Because as I see it, this is how the future is splitting out. This goes back to the blacksmith producing unique items. People still buy things like to this day and pay a healthy sum of money for it. But this is not the economy either, the vast majority of consumption is items that are mass produced with as little human interaction as possible. I don't see it in any way controversial that large chunks of this market will be automated away.

And example of this is in game asset design. There is a still a lot of manual human work here, but the workflows are being highly automated by 'smart' tools. I can promise you that my friend in this industry don't want to color in 50 bajillion pieces in an armor set. The tools for transfering things like style across multiple pieces massively reduce the workload. And as time goes on I expect we'll see these tools affect other areas of art. Another good example is music. A single artist can produce and distribute their own digital music easily. Entire portions of the music can be handed off to tools to put in things like drums and such.

Now when you're playing a game, or in the elevator listening to whatever's being piped out of the speaker, do you think about or care about if it's made by a human or not? It won't stop you from buying a human painted mural for your wall. You'll still listen to your favorite human artist. But expect huge swathes of the ambient art/design/possibly music around you to be automated in one form or another.
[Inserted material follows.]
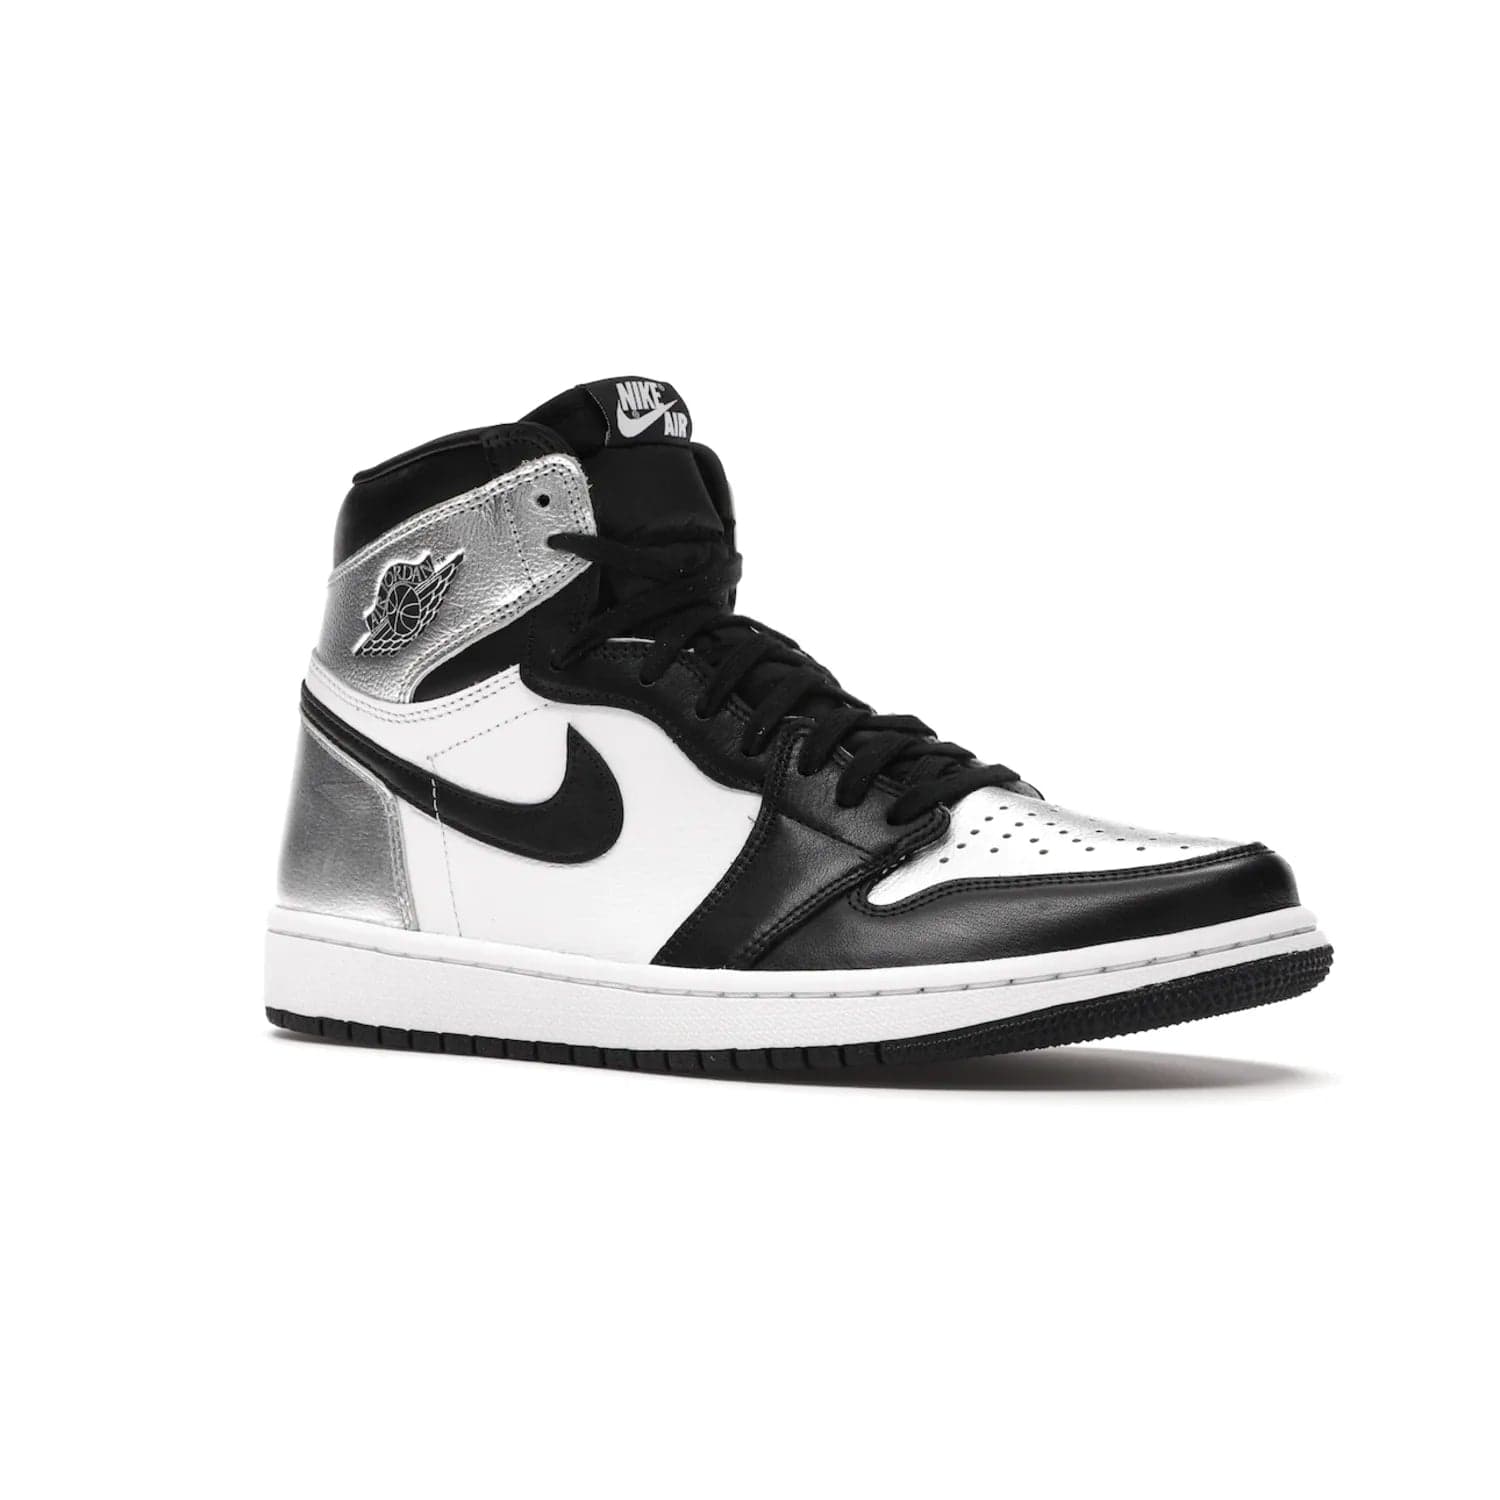 Jordan 1 Retro High Silver Toe (Women's) - Image 4 - Only at www.BallersClubKickz.com - Introducing the Jordan 1 Retro High Silver Toe (Women's): an updated spin on the iconic 'Black Toe' theme. Featuring white & black leather and silver patent leather construction. Nike Air branding, Air Jordan Wings logo, and white/black sole finish give a classic look. The perfect addition to an on-trend streetwear look. Available in classic black & white, this Jordan 1 is an instant classic. Released in February 202

This doesn't make sense to me as a response. I think it surely goes without saying the models are good for things like game asset design, or ambient music, I say exactly that in a sibling comment. (although the ambient music one is a little silly to me personally. Brian Eno already invented procedures and ideas for generative ambient works without a single GPU like 50 years ago. Not to mention Terry Riley, John Cage, Steve Reich. Consider also the algorithmic nature of classical Indonesian gamelan music. Would be an accomplishment if anything from a statistical model could match the beautiful, simple, almost dumb elegance of such works. It feels like such overkill. But I digress..).

The article which I'm responding to seems to me to be about not being demoralized as an artist in the face of advances in AI, presumably to artists who aren't just trying to get a commission check for some elevator music, but care about what they are making, hence the possibility of being demoralized. And my point is that they don't need to worry, and that it only seems this way right now because of enthusiasm for the idea of AI art itself, not any one work.

In a way by, intentionally or not, eliding this crucial context, you are helping me prove my point! We cant separate the value/worth/goodness of an AI work without reaching outside it to talk about what it means, its reference to a coming future, its bare ability to be "human like", or even just matching the spec, as it were.

People are just so caught up in justifying this stuff right now, they don't have even the ability to consider it in itself. This is all I'm saying.

I think if you read what I'm saying you could agree with me without giving up any of your commitments here, just dont be quick to jump on something that seems wrong without 1. giving charity in what the other is saying, 2. understanding the context in which it is said, in this case the article I was responding to.